Martin's brow arched. "That's a worse deal."

"It's also a better one." The man tapped a drawer behind the counter. "Depends on what you value more—coin, or leverage."

Martin smirked, then leaned forward just enough for the shadows under his eyes to harden. "Fourteen thousand ruincoins and the information. I throw in the totem as a bonus. But if you lie…"

He tapped the counter twice.

"I'll turn that skull of yours into a coffee cup."

The man swallowed and nodded. "Fair."

From the drawer, he produced a sealed scroll. "It's all written here. Straight from the underground threads. I bought the intel last night—barely beat out a noble's hound for it."

Martin took the scroll, tore the wax seal without ceremony, and unrolled it. His eyes scanned quickly, pupils darting over glyph-coded shorthand and translated whispers from informants.

After a moment, he nodded. "Deal."

They each extended a hand. Not for a handshake—this wasn't trust. This was commerce. Their palms shimmered as they brought their Runic Imprints forward, thin rings of blue light appearing under the skin like a branded oath. Magic hummed as the transaction processed. Ruincoins shifted from one ledger to another, encrypted through the leyline network, intangible but undeniably real.

"Happy hunting," the dealer offered.

Martin nodded as he turned to leave. "Thanks."

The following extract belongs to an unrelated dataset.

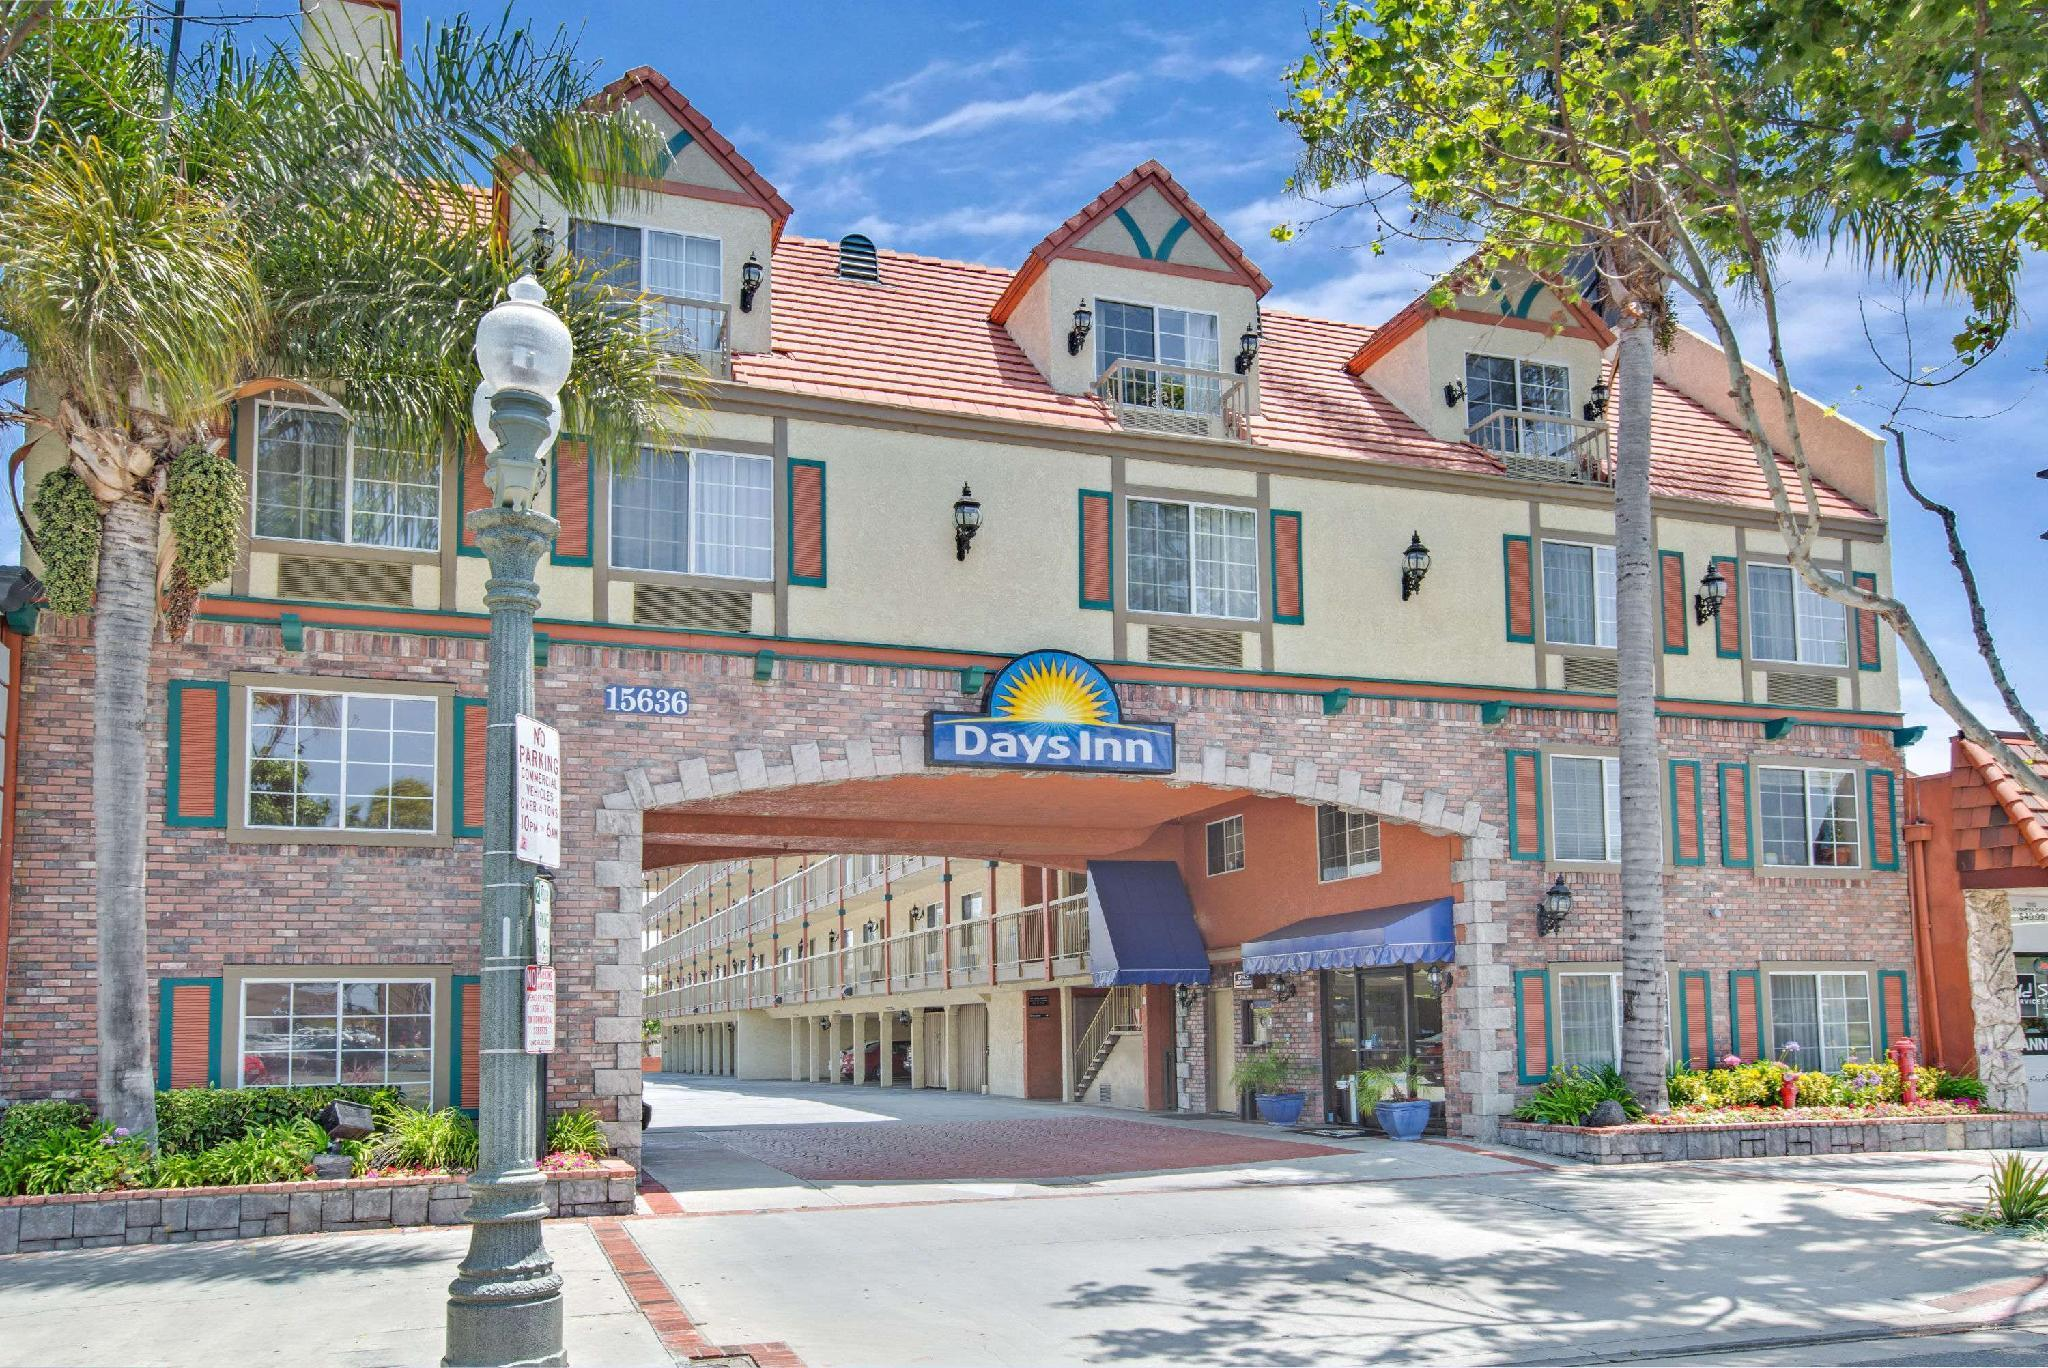 Days Inn By Wyndham Los Angeles LAX  RedondoandManhattanBeach

Later, he was perched once again on a rooftop. Only this time, the feast was smaller. A bowl of salad, barely touched, sat beside a pair of goggles and a half-dismantled compass-etched relic he'd snatched from the Cathedral altar.

The scroll lay open across his lap, weighted by a small summoning stone.

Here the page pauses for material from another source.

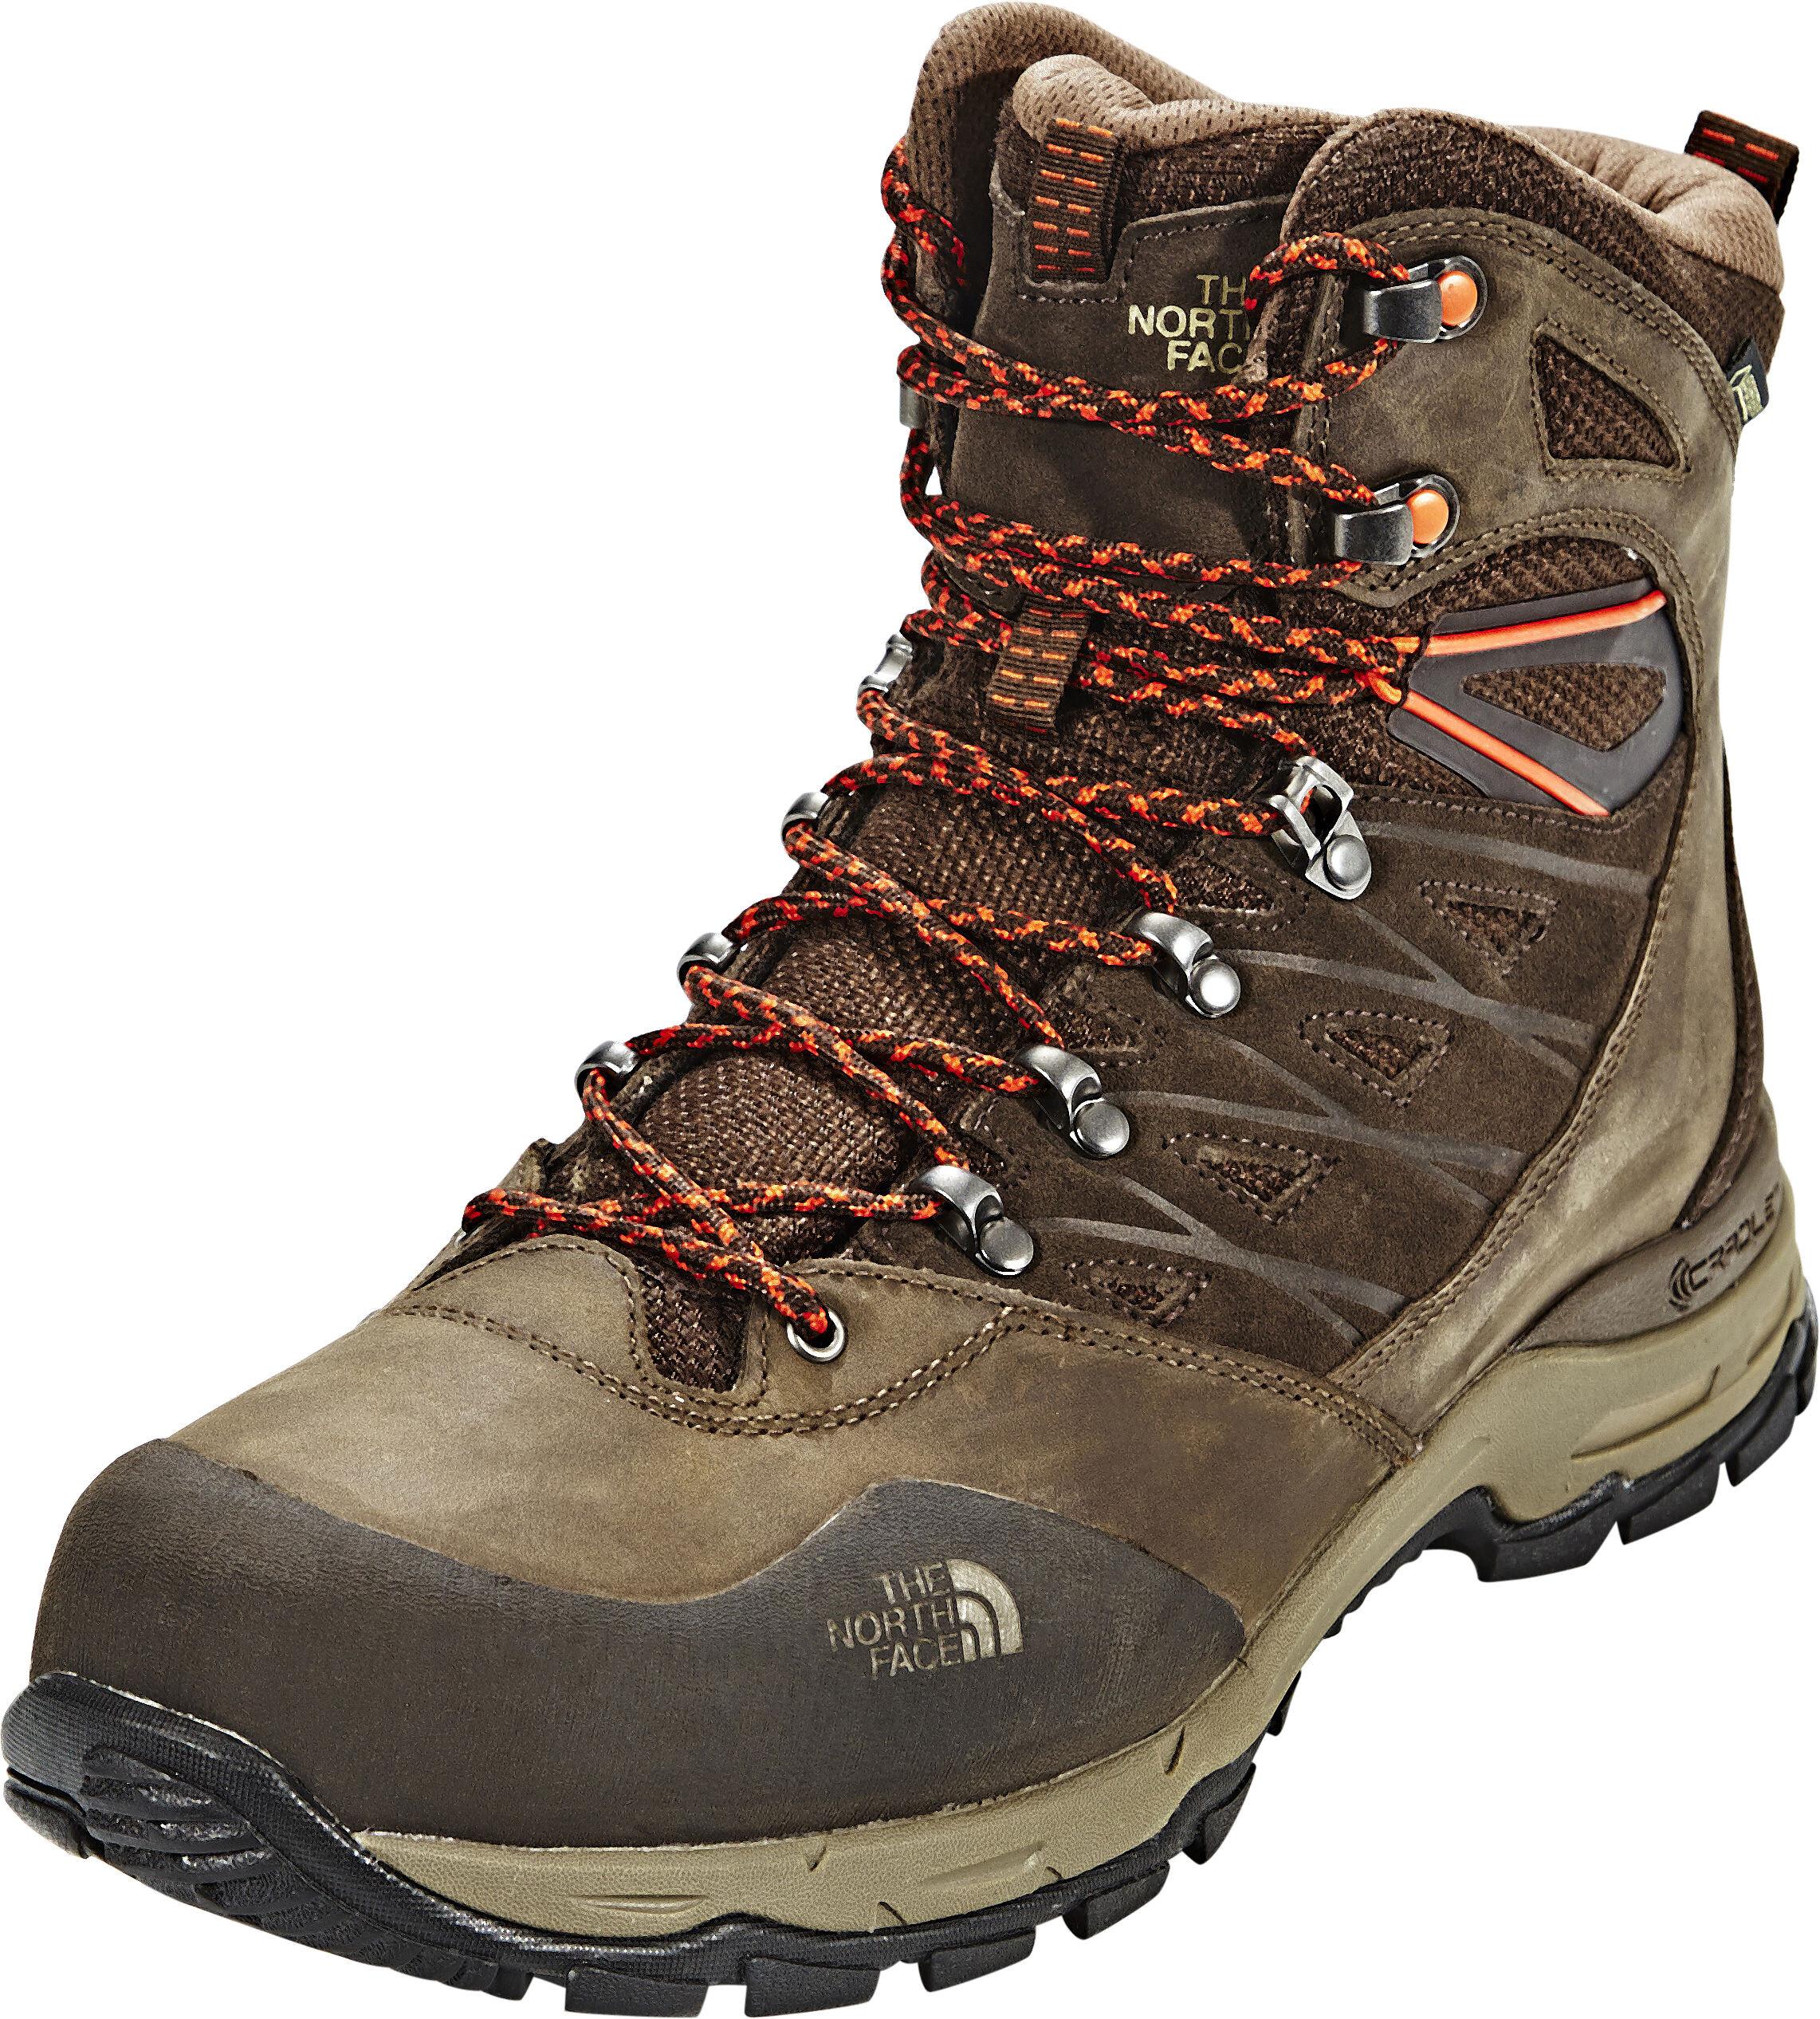 66eb0080a3a The North Face Hedgehog Trek GTX - Chaussures Homme - gris marron ...

He chewed slowly, eyes narrowed as he reread the details.

"Storm's Creed"—a low-profile cult operating out of the Solholme region. Nothing major. At least not until now.

They'd somehow stolen an artifact from Varncrest Institute itself. A relic designed for divine acceleration, a tool meant to shepherd a spirit through maturation into godhood. Dangerous. Forbidden. Experimental.

And they were trying to use it immediately, bypassing the traditional growth cycle of a divine spirit—intent, prayer, mythos, manifestation—by jamming it into power with raw worship and stolen magic.

"Idiots," Martin muttered, spearing a piece of wilted lettuce. "It's like trying to microwave a volcano."

He leaned back, looking up at the night sky, barely visible behind the clouds.

Solholme was noble territory. That alone made the situation worse. House Solholme wouldn't tolerate a rogue spirit ascending within their domain, not unless they were involved.

And if they were involved...

"An artifact belonging to Varncrest," Martin repeated, almost reverently. "On top of that, one that can speedrun the development of a god…"

He whistled softly.

"This'll be very valuable for my studies."

He stood, brushing salad off his lap and crumpling the container. Without looking, he tossed it behind him—it hit the side of a chimney with a hollow clunk and tumbled into the alley below.

Martin adjusted his suit jacket, then tightened his tie with slow precision. He flexed his fingers, and faint sparks of magecraft danced between his knuckles.

"A cult trying to ascend a god," he said, pacing along the roof's edge. "A noble house with too much pride to look away. Varncrest about to throw a tantrum over stolen toys…"

His grin widened.

"Let's make this a four-way war."

He leapt from the rooftop, coat flaring behind him. His boots hit a nearby balcony with a metallic clang, and without breaking stride, he vaulted down into the next alley. Shadows folded around him, his figure vanishing between pools of flickering streetlamp light.

The hunt had begun.

And Martin Kaiser had just decided that someone else's apocalypse would make the perfect testbed for his next research project.